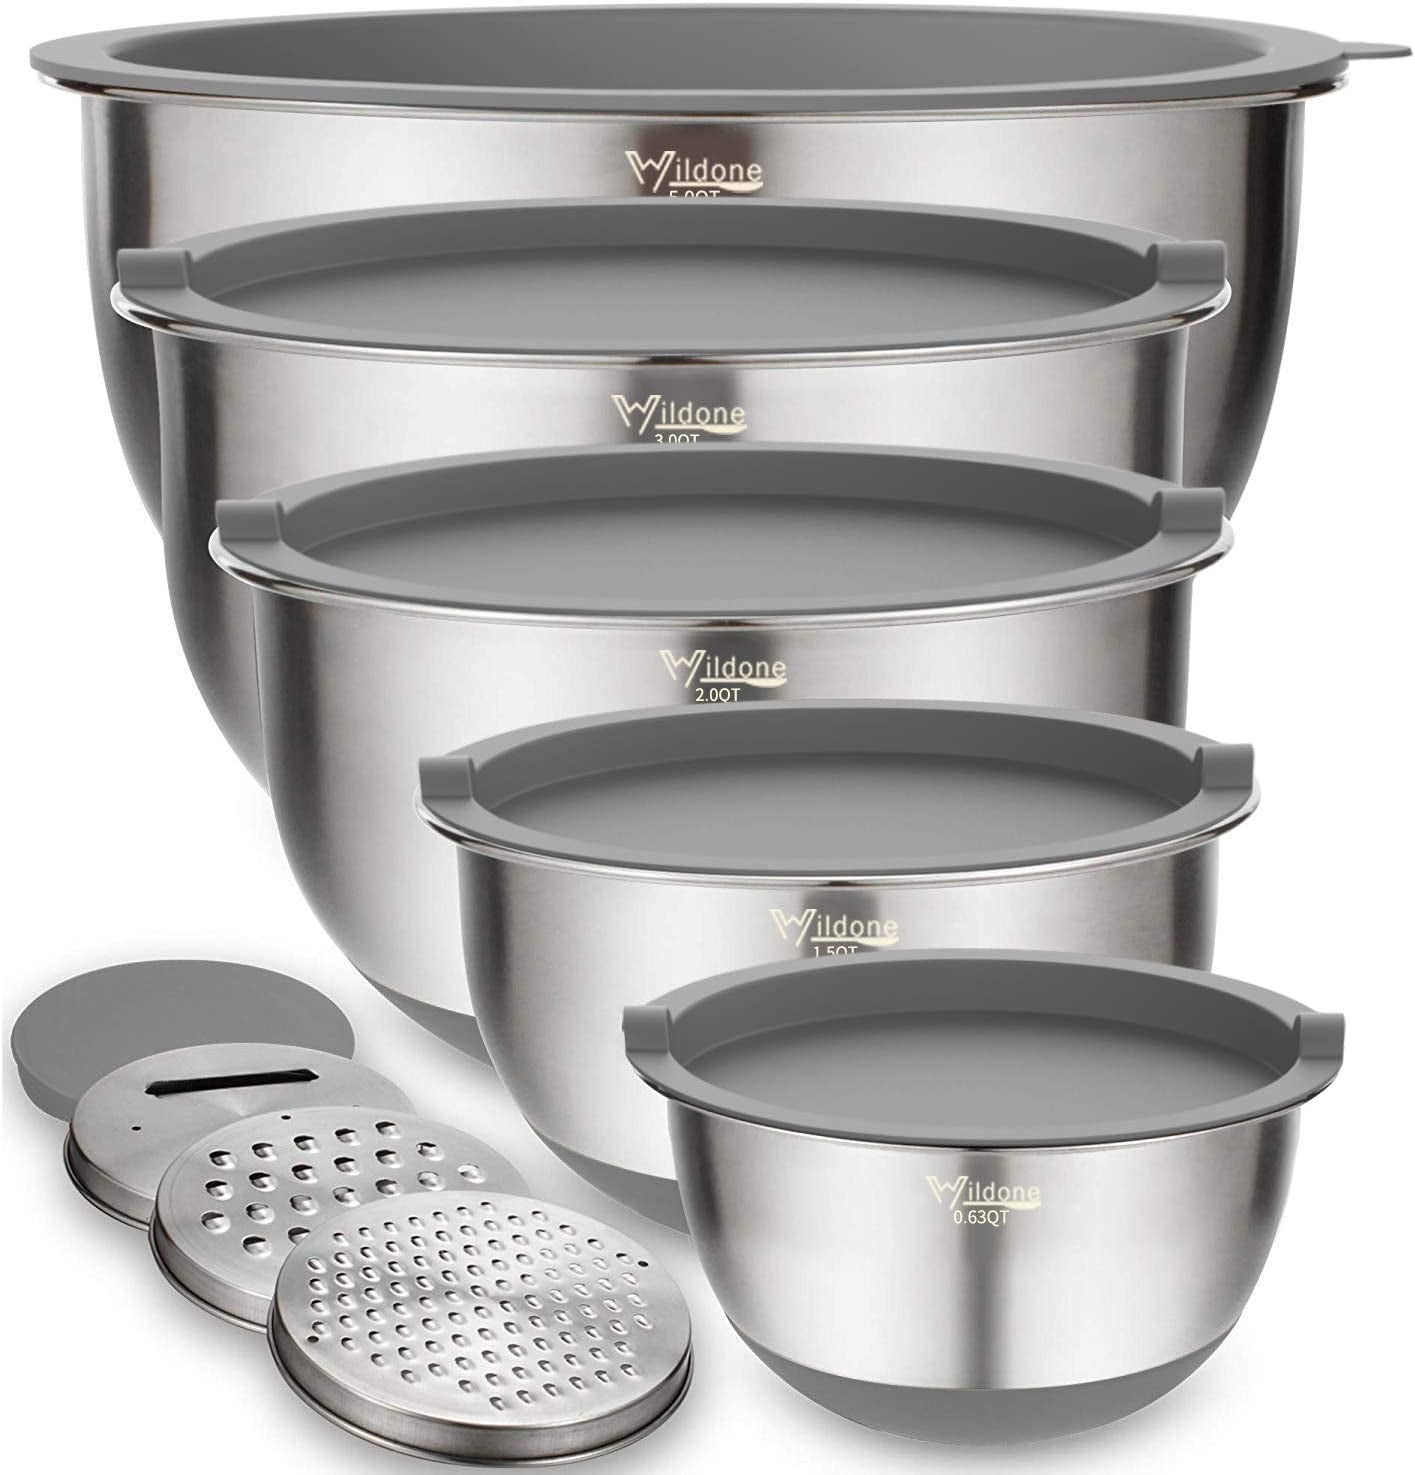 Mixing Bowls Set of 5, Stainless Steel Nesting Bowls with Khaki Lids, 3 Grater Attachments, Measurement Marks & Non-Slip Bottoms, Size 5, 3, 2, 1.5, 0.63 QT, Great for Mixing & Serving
**********
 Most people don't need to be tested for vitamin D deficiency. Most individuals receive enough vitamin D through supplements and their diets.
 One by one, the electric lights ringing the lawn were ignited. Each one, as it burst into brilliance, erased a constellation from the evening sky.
**********
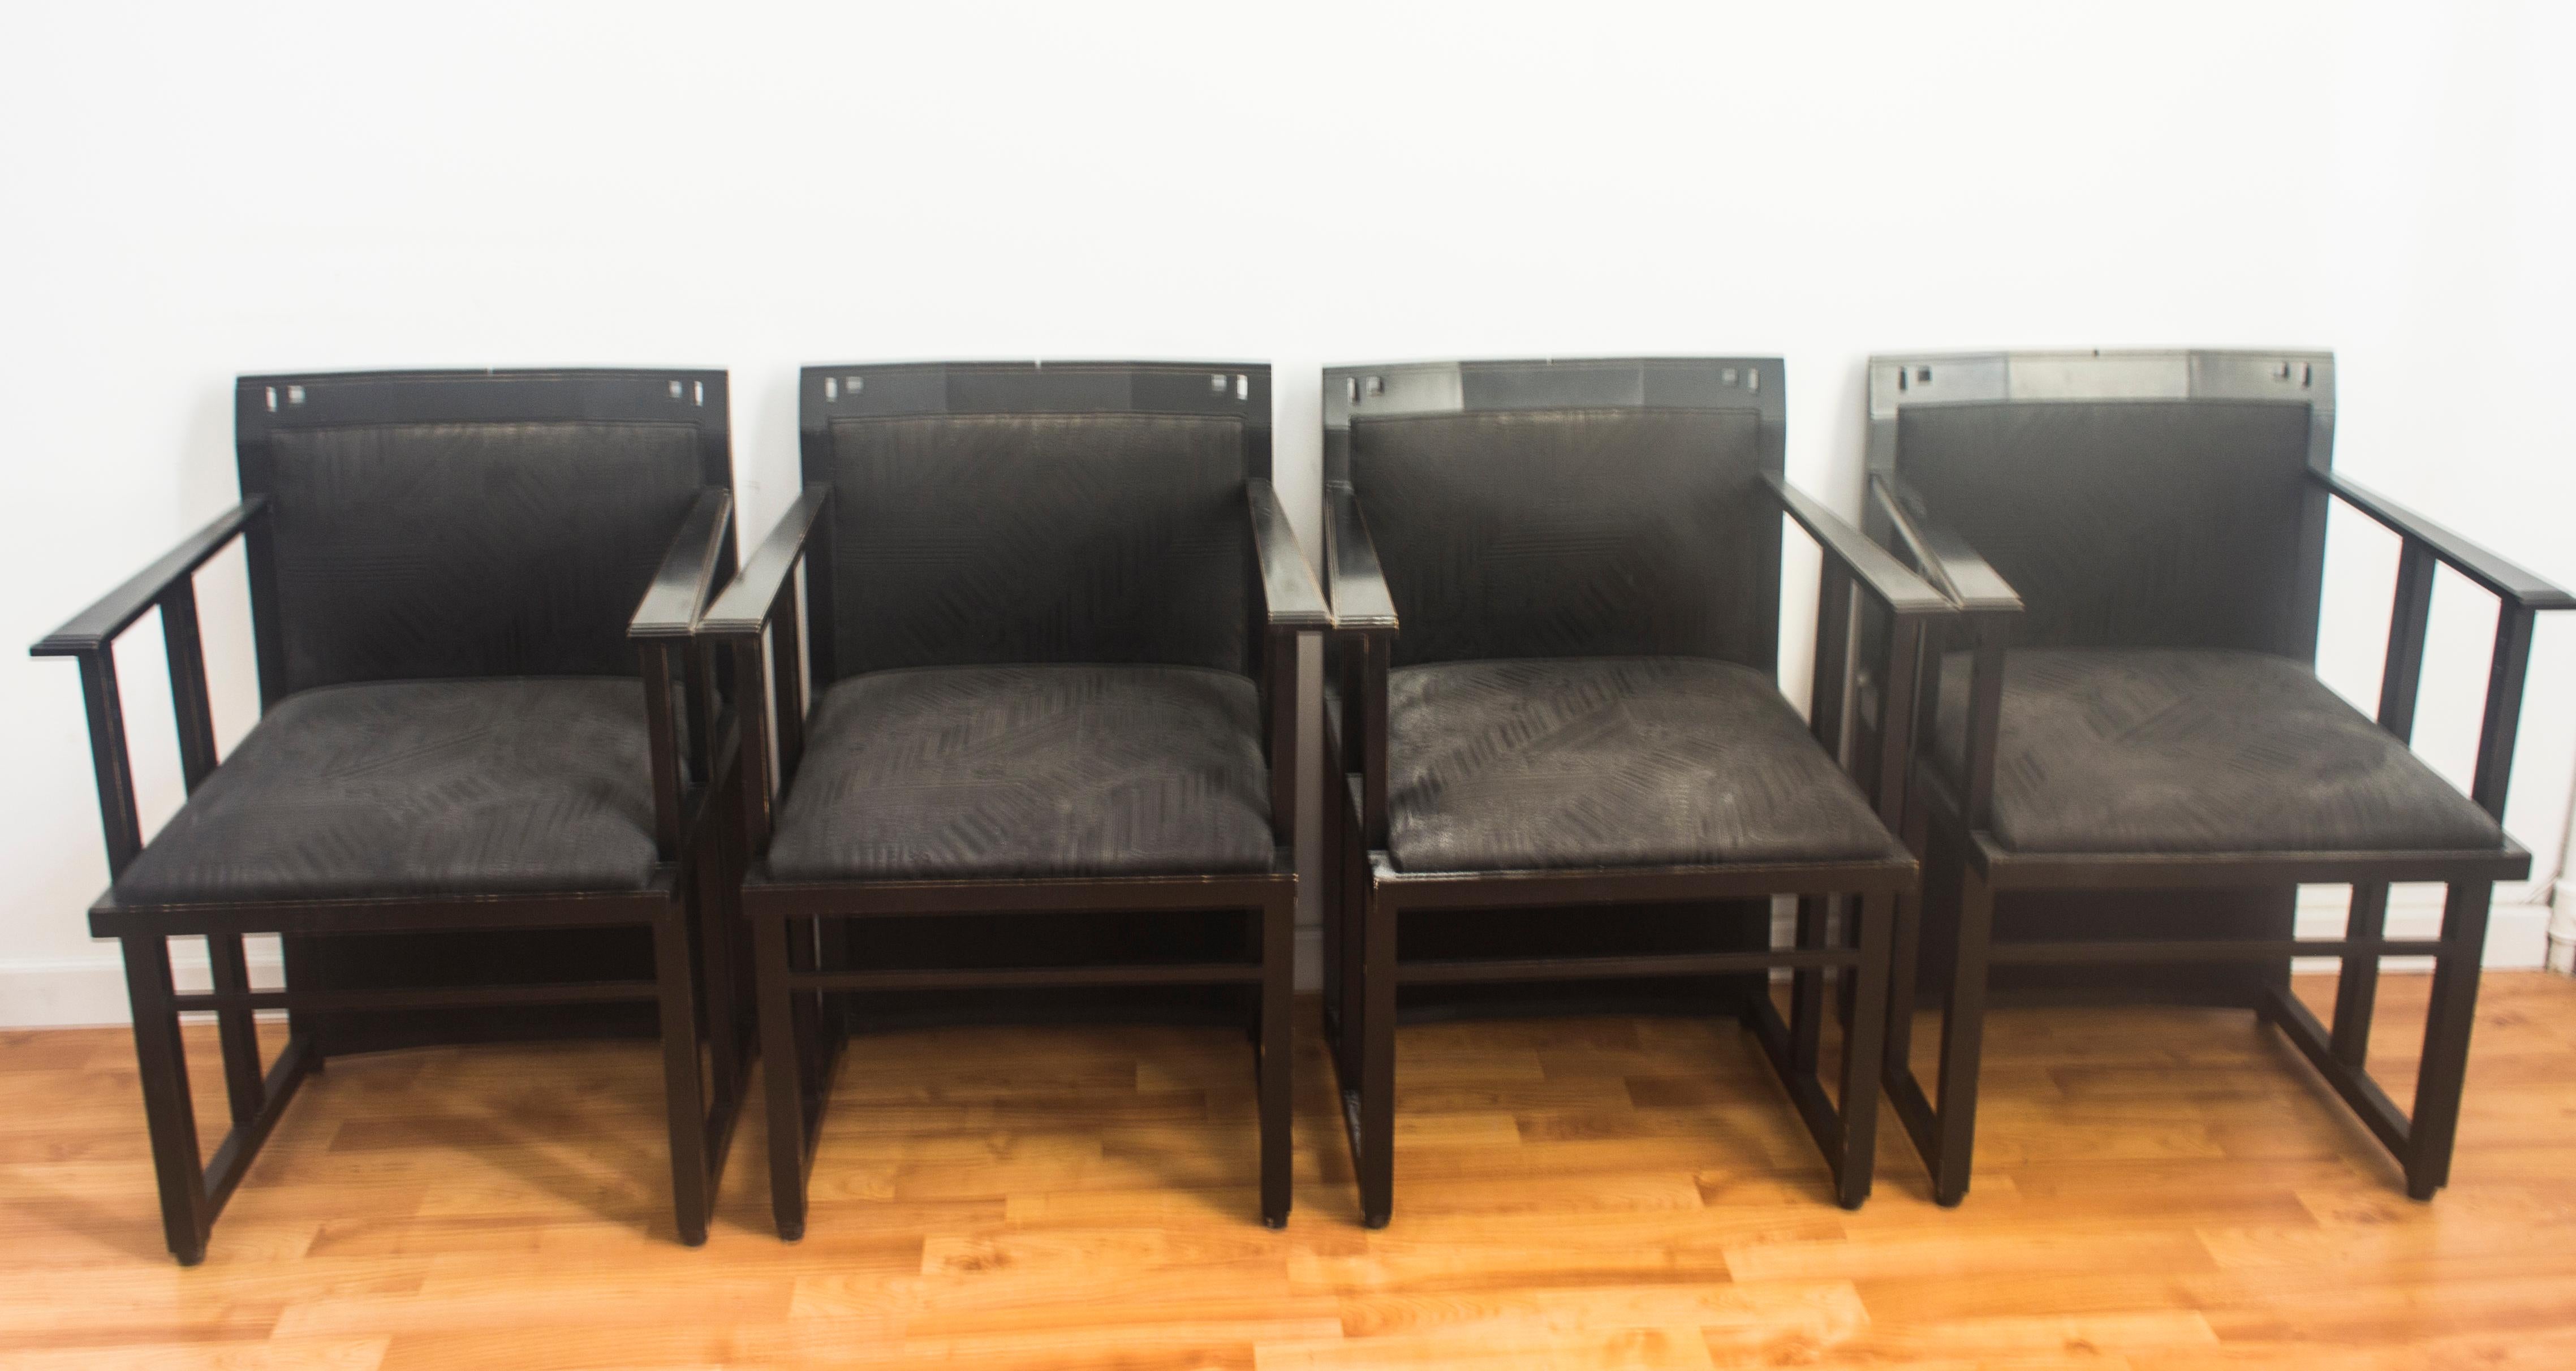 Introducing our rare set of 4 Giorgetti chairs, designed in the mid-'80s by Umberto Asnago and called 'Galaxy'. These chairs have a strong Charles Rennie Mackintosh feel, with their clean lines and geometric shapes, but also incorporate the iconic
**********
### [WHAT YOU ARE ASKED TO DO]
Of all the entries above, output exactly the lines between the one holding "Most people don't" and the one holding "One by one, the", inclusive.

### [OUTPUT FOR THIS EXERCISE]
 Most people don't need to be tested for vitamin D deficiency. Most individuals receive enough vitamin D through supplements and their diets.
 One by one, the electric lights ringing the lawn were ignited. Each one, as it burst into brilliance, erased a constellation from the evening sky.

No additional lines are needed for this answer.